§ Work request:
Starting at the line below with "Veronica Beard Edia satin wide-leg pants" and stopping at the line with "3 In 1 Baby", please print each line exactly, those two included, and skip every picture.

§ The records:
▬▬▬▬▬▬

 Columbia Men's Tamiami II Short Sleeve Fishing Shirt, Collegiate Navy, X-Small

▬▬▬▬▬▬

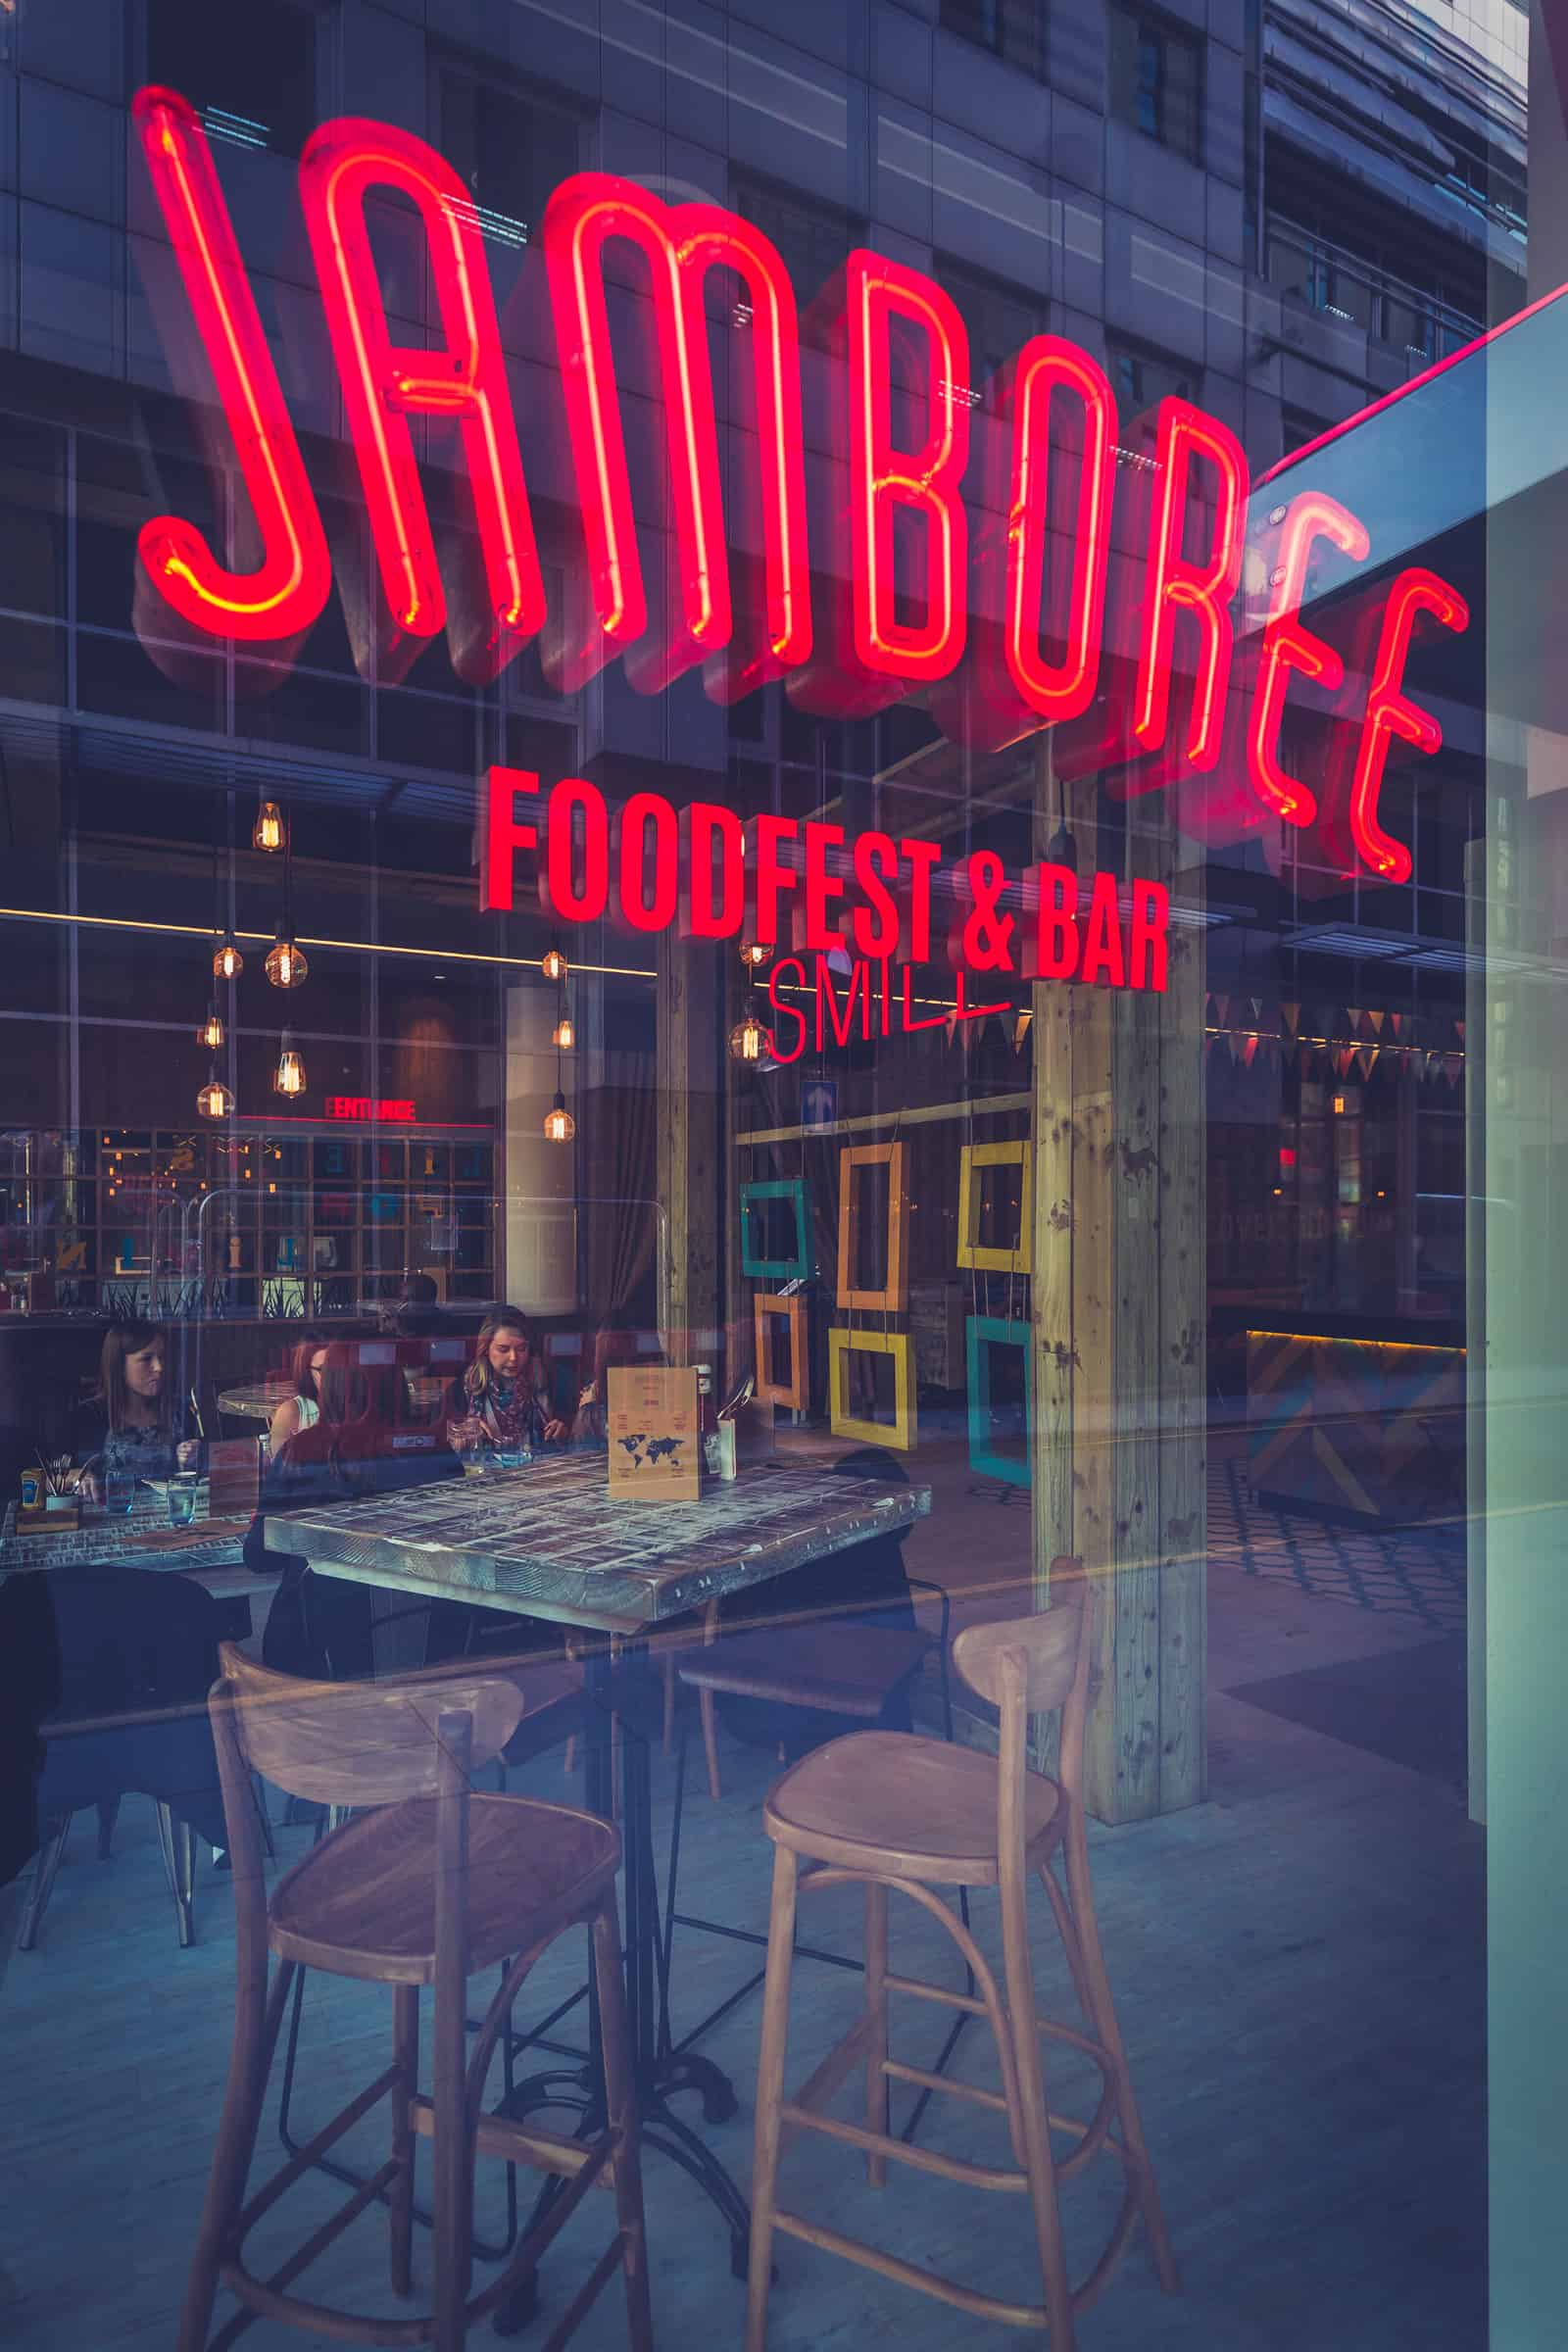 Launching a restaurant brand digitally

▬▬▬▬▬▬

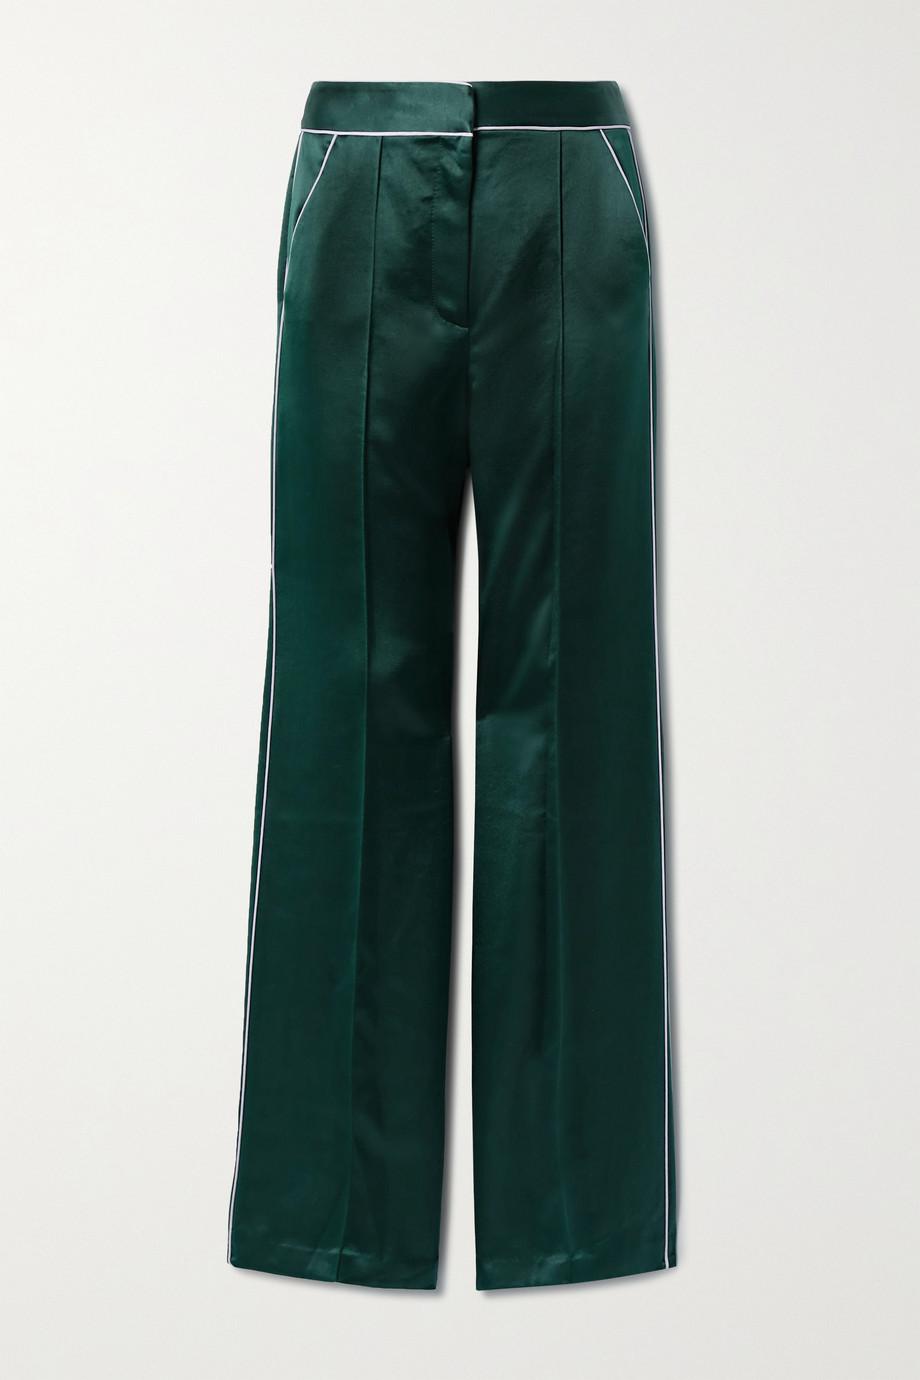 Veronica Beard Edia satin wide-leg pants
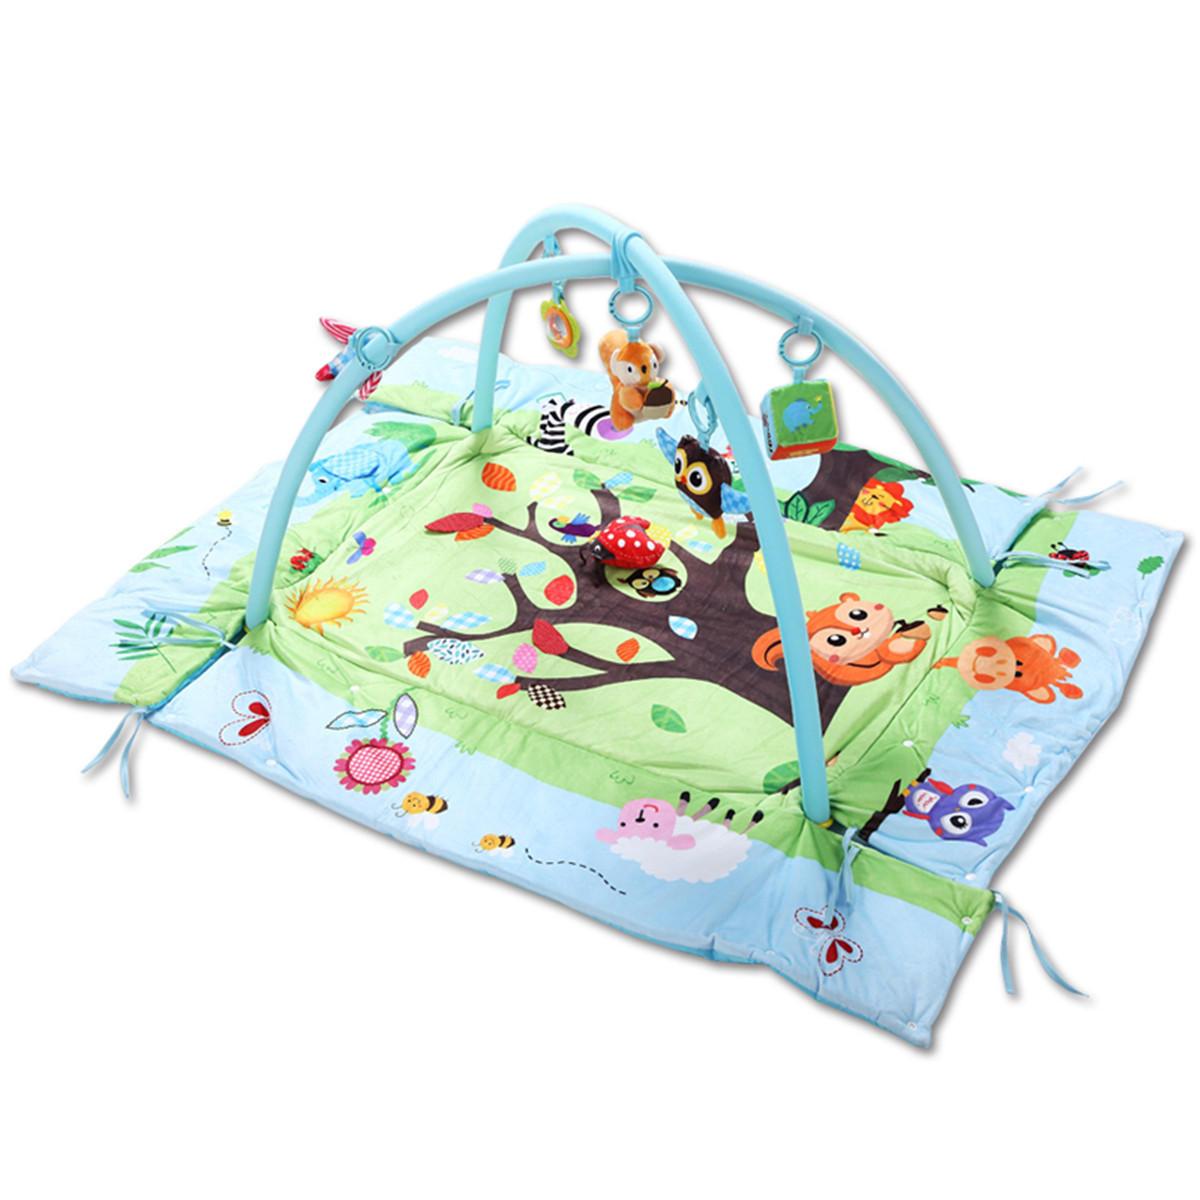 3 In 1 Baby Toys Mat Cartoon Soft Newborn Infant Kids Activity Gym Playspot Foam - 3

▬▬▬▬▬▬

§ Exercise result:
 Veronica Beard Edia satin wide-leg pants
 3 In 1 Baby Toys Mat Cartoon Soft Newborn Infant Kids Activity Gym Playspot Foam - 3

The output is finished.